Tracing to the rescue#

Let's use again the Distributed Tracing App to inspect the request.

RAG Trace

We can see that the request is more complex because there is a step to fetch documents from Weaviate, process them, augment the prompt and finally send the final crafted prompt to Ollama. Fetching the documents is a fast step that only takes few milliseconds and crafting the final response is taking almost all the time. Selecting each span, we have at our disposal all the contextual information that describe that AI pipeline step.

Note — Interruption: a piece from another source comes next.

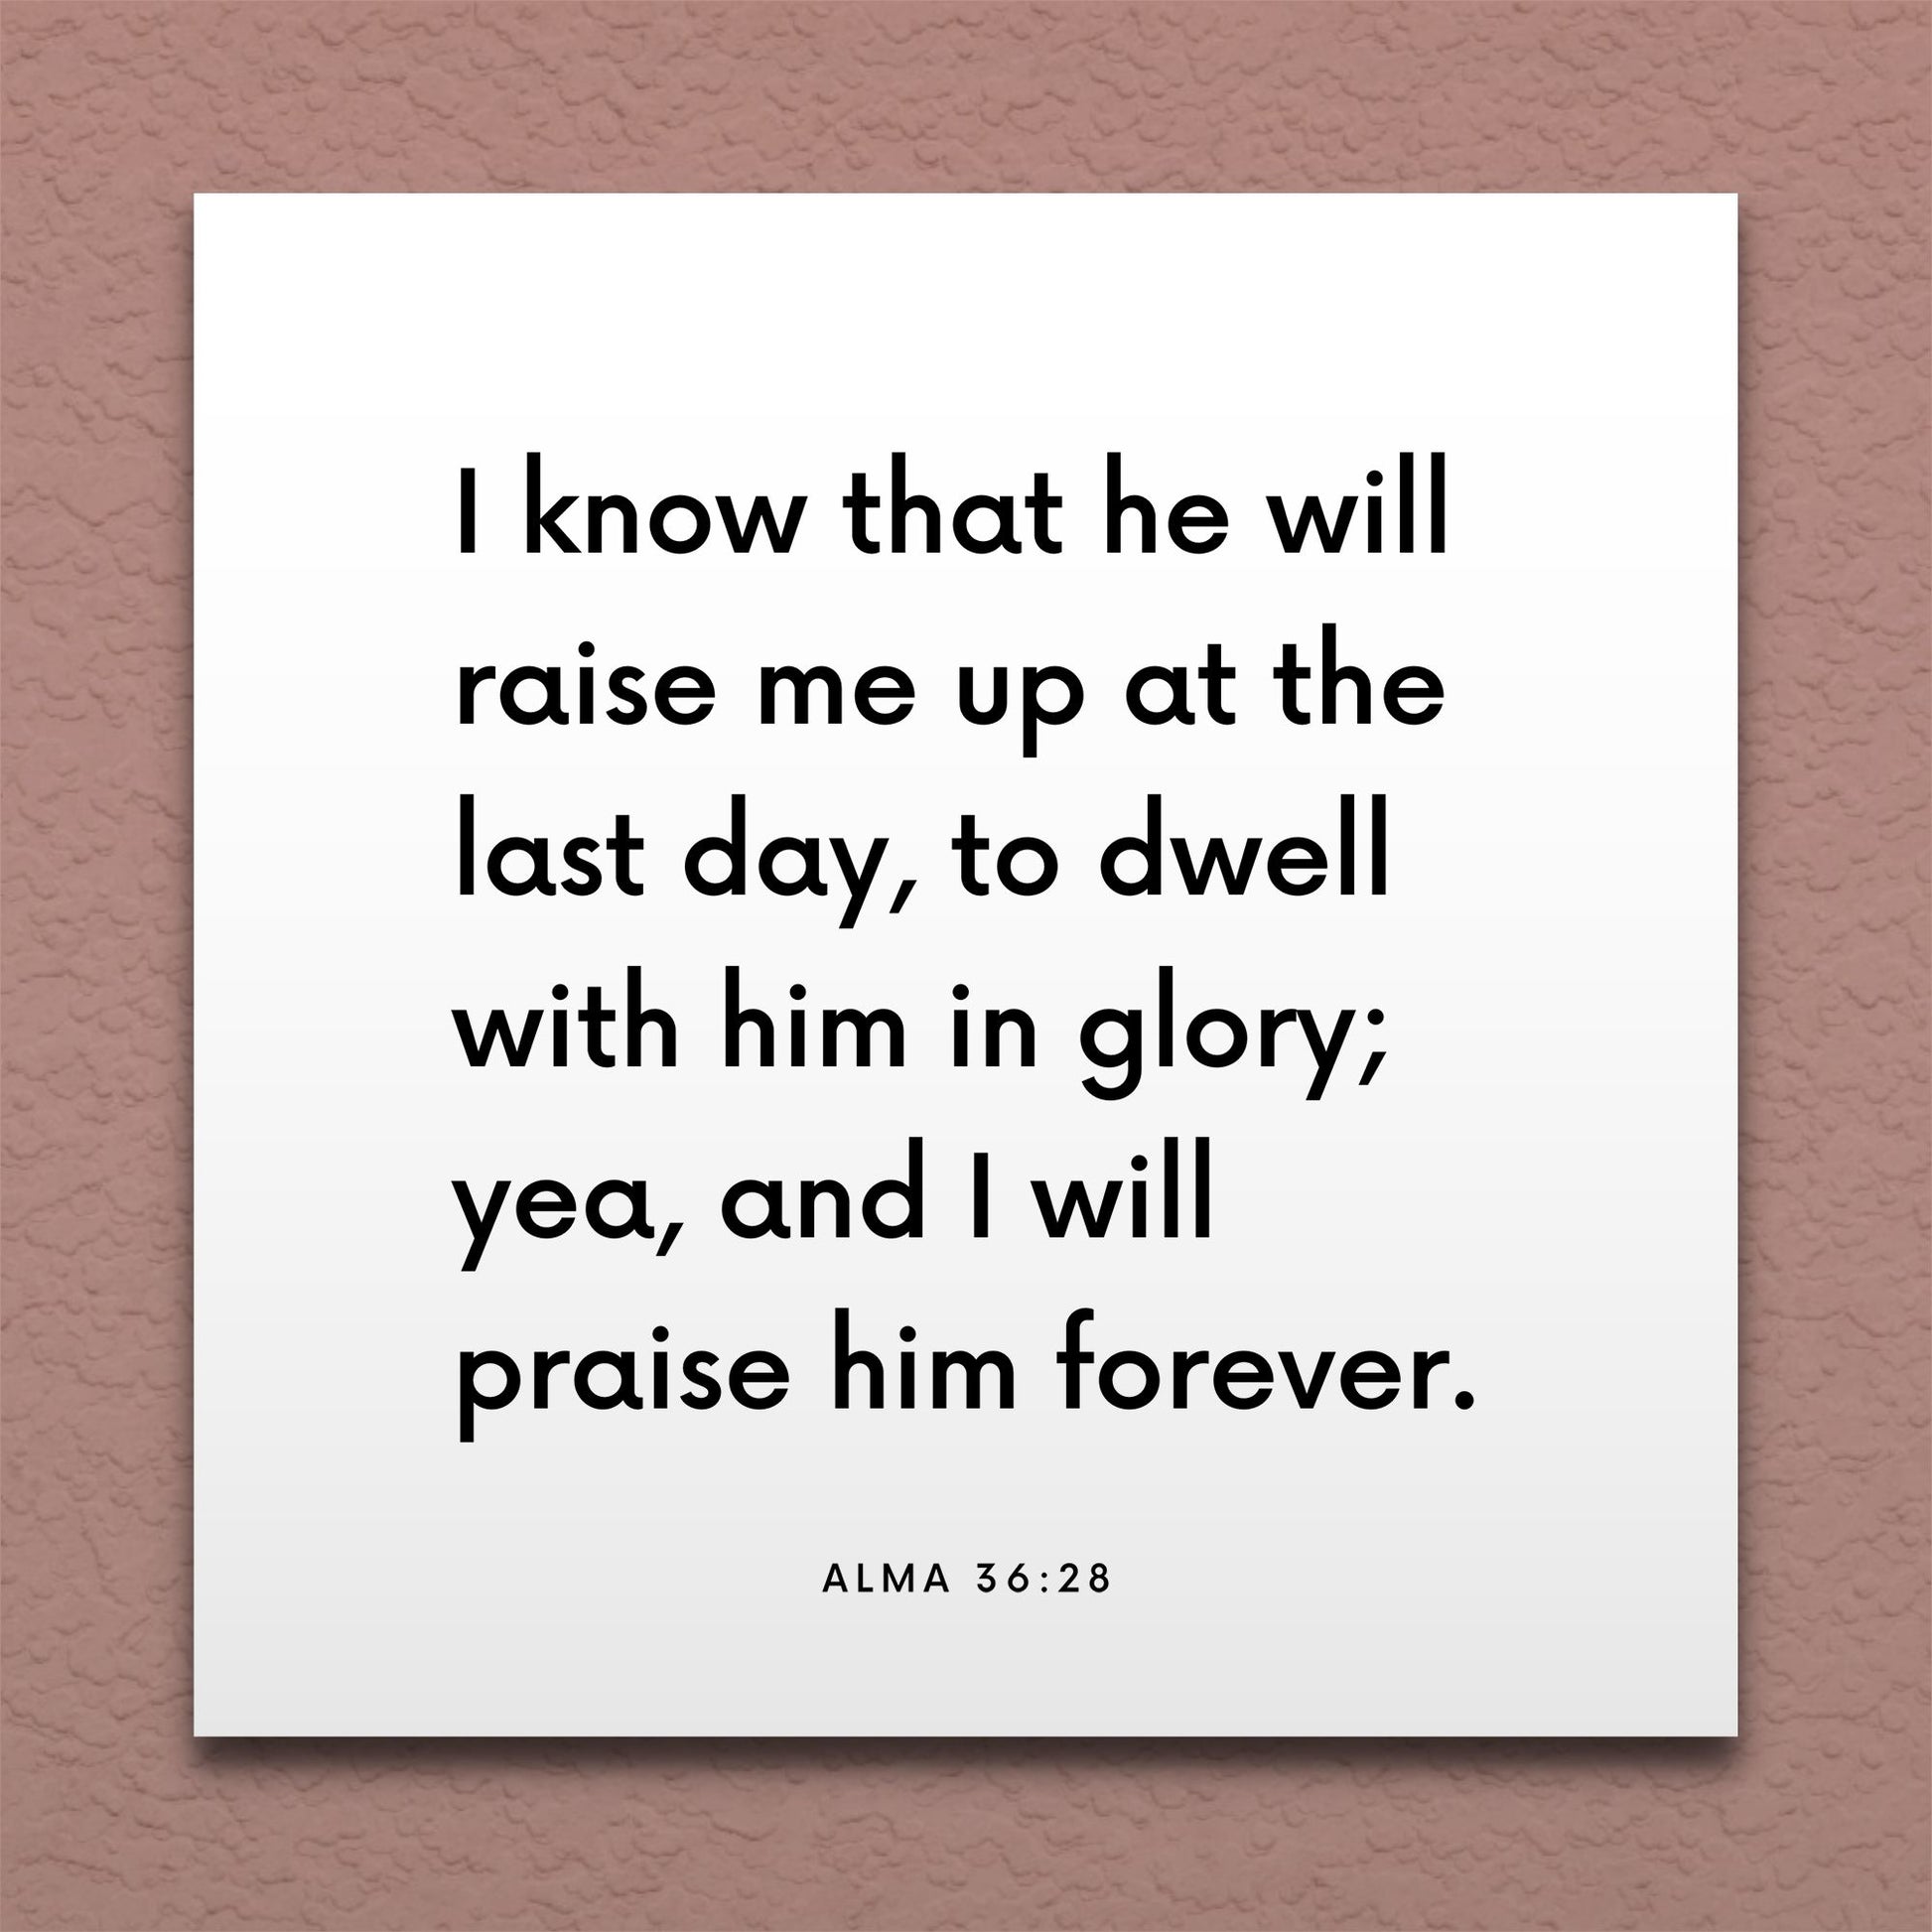 Wall-mounted scripture tile for Alma 36:28 - "I know that he will raise me up at the last day"

Let's focus on the time expensive call to Ollama and select the ChatOllama.chat span. In the detailed view, we can see the GenAI section. Let's start from the prompt message:

RAG Trace Details

We can see that the prompt sent to the LLM contains information about Sydney and Bali. Clearly something is wrong! LangChain retrieves the top N documents closest to the topic searched. Let's see the fetched documents by pressing on the retriever.done.task span and looking into its attributes.

RAG Document Details

We see that the query is looking for Sydney and two documents have been retrieved from Weaviate, one for Sydney and one for Bali. If we look into the application code, inside the destinations folder, we see only two small documents which contain innacurate information.

The lack of coverage of the topic triggered the fetching of additional documents that don't really relate to Sydney. This is a clear indicator that our Knowledge Base inside Weaviate is not exahustive enough.

Furthermore, we can also observe that feeding the LLM with garbage information produces garbage responses. The content of the Sydney or Bali documents provide innacurate facts. This is telling us that the LLM really made use of the information we provided to it.

Let's try again using a different city, like Paris. Since we don't have wrong information around Paris, now the LLM should produce a valid answer!

Correct RAG

There is a bug with OpenLLMetry and Weaviate for which it does generate Spans only for v3 of Weaviate. In this codebase, we fix it by explicity telling the sensor what function it should attach to it.